◆ **MATERIAL FOR THE TASK**:
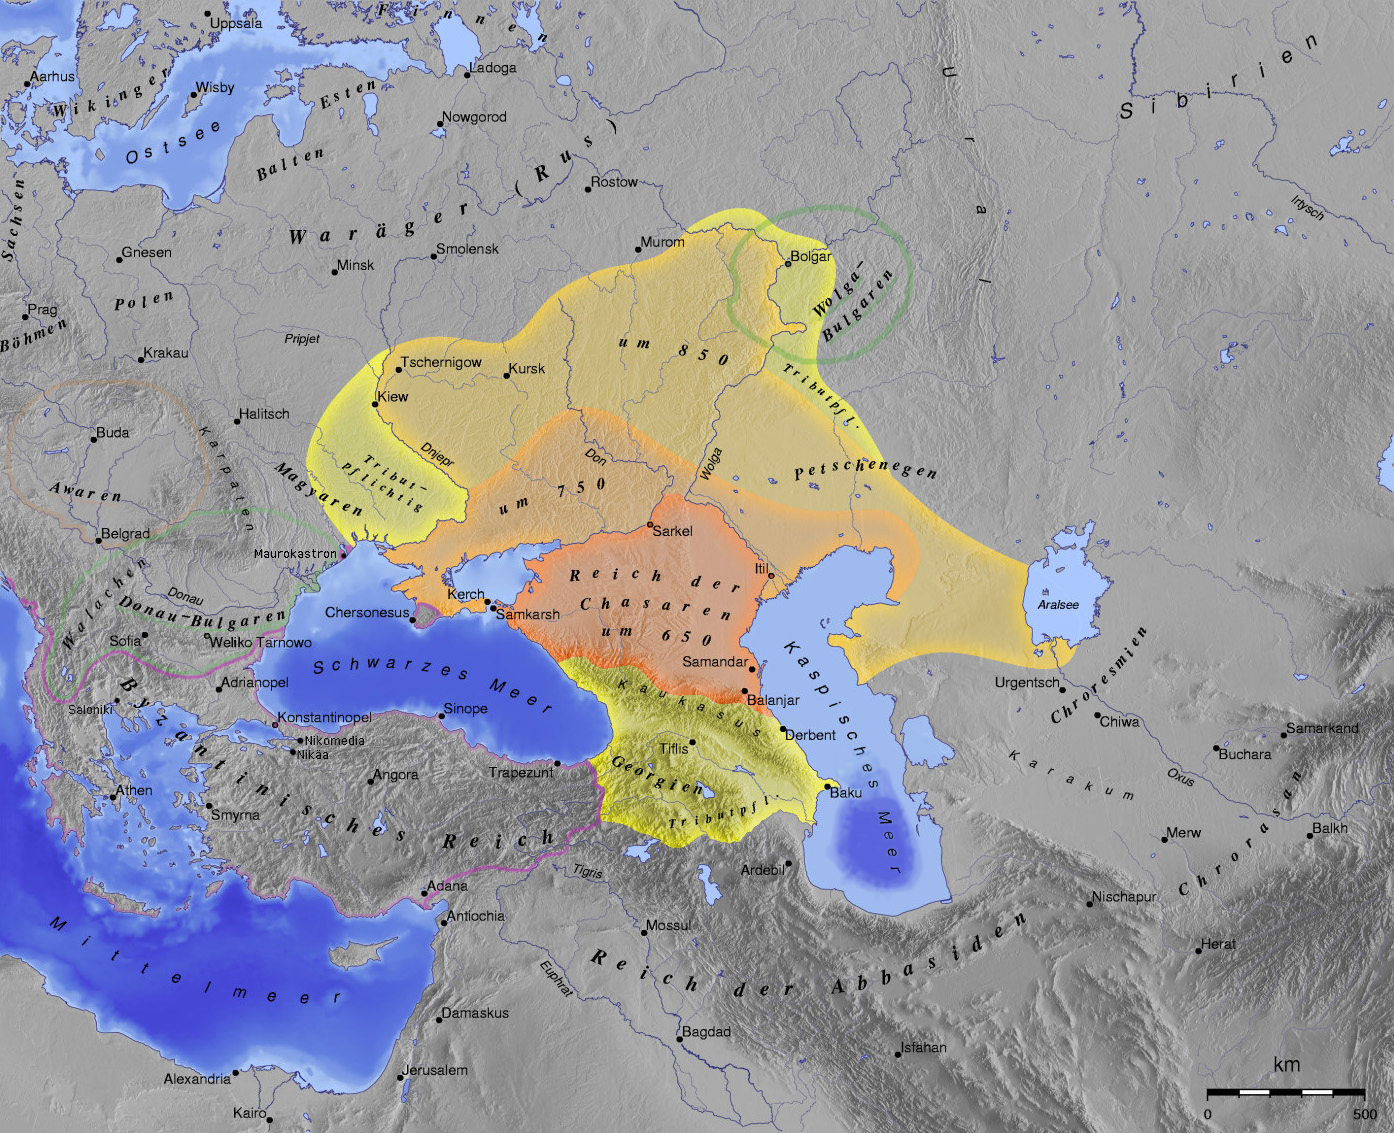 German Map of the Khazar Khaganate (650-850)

* * *

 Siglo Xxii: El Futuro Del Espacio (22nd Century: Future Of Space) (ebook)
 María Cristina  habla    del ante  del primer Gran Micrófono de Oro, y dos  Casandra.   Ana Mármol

◆ **HOW TO COMPLETE THIS TASK**:
Taking the records above, retype every line from the one with "Siglo Xxii: El" down to the one with "del primer Gran", exactly and with nothing else.

◆ **SOLUTION TO THE EXERCISE**:
 Siglo Xxii: El Futuro Del Espacio (22nd Century: Future Of Space) (ebook)
 María Cristina  habla    del ante  del primer Gran Micrófono de Oro, y dos  Casandra.   Ana Mármol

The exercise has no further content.